そんななか、相続専門の税理士・橘慶太さんが監修を務めた書籍『決してもめない! 手続きが2時間でわかる! 円満相続のコツ 見るだけノート』は、温かみのあるイラストが豊富で、わかりやすいと評判です。今回は特別にイラストを含め、万が一のときに知っておきたい死後の手続きを紹介します。(全3回の3回目)

●第2回:「失敗しない死後の手続き」故人の免許証はどうするのが正解? 自動的に失効を待つのがベストとはいえないワケ

※本稿は、橘慶太(監修)『決してもめない! 手続きが2時間でわかる! 円満相続のコツ 見るだけノート』(宝島社)の一部を抜粋・再編集したものです。

クレジットカードの解約手続きを行う

故人が遺した権利の多くは名義(契約者)変更が可能です。しかし、クレジットカードは例外。権利が特定の個人に帰属するので、契約者を変えることはできません。解約手続きが必須です。やり方は各クレジットカードで異なるため、発行会社に連絡して個別に対応することになります。手続きが電話で完結することはまずなく、必要書類を後送することになるので、事前に故人の情報を把握しておきましょう。

必要な書類も発行会社によって異なります。契約者の死亡の事実が確認できる書類(戸籍謄本、住民票の除票、死亡診断書のコピーなど)はマスト。あとはガイダンスに従い、退会届をはじめとした所定の書類をそろえたら発行会社に送りましょう。故人が使ったクレジットカードの未払い分も、相続人に支払い義務があります。

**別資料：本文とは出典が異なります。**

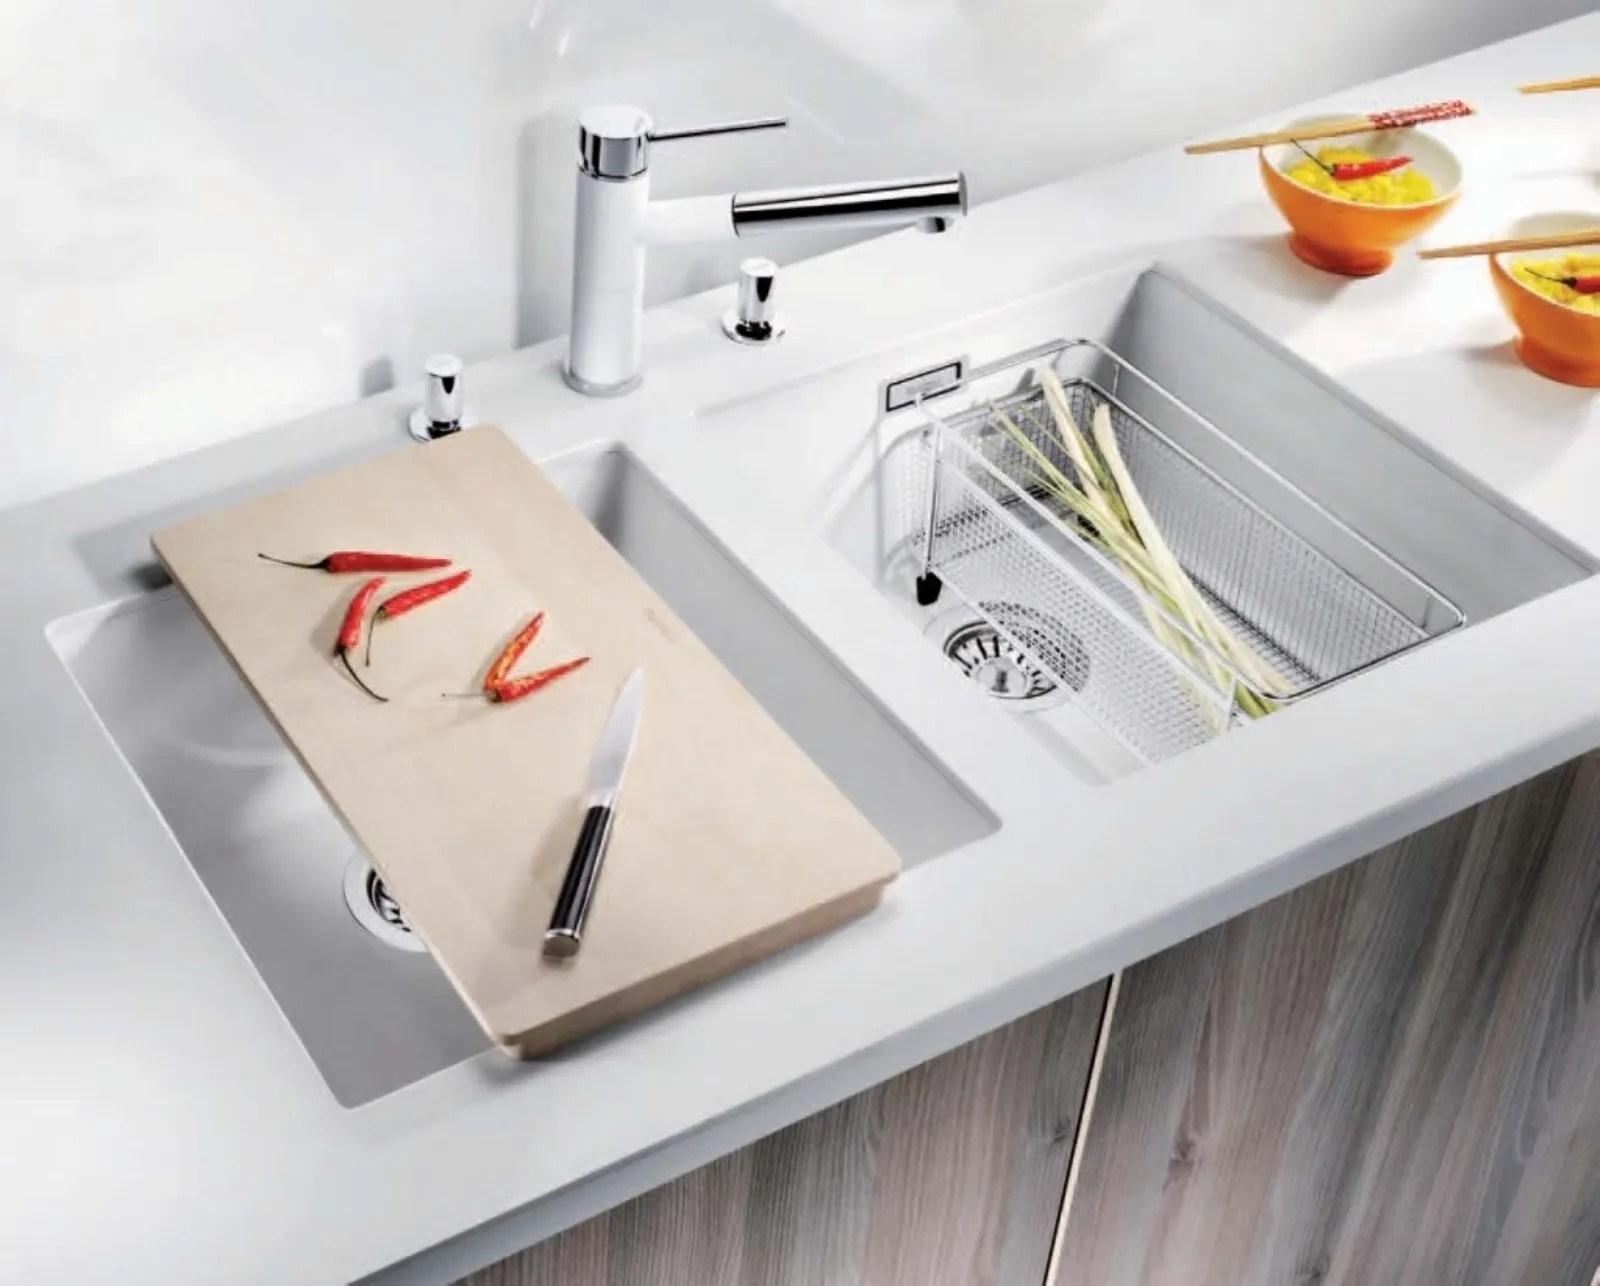 Lavello cucina guida alla scelta  Cucine Moderne

光熱費同様、これも相続税の計算の際は相続債務として控除の対象になります。

 

故人のスマホはすぐには解約しない

故人のスマホも、キャリア(通信事業者)に通知しなければ契約は続きます。つまり利用料金がかかり続けるので、早めに解約したいところです。ただ、各種のログイン情報や連絡先など、スマホはあらゆる個人情報の宝庫。相続手続きを進めるなかで、故人について知らなければならないことが次々と出てくる状況で、これを失うのはリスクの高い行為です。解約は少しだけ待ちましょう。

 

どのキャリアも、名義変更して家族が使い続けることも可能です。一方、相続手続きが一段落して解約したいとなったとき、ドコモ、au、ソフトバンクの3大キャリアはショップでの手続きが原則。その際、解約できるのは故人の家族や代理人のみです。また、データのバックアップをとっておくと安心でしょう。ちなみに、死亡による解約は違約金・解約金がかかりません。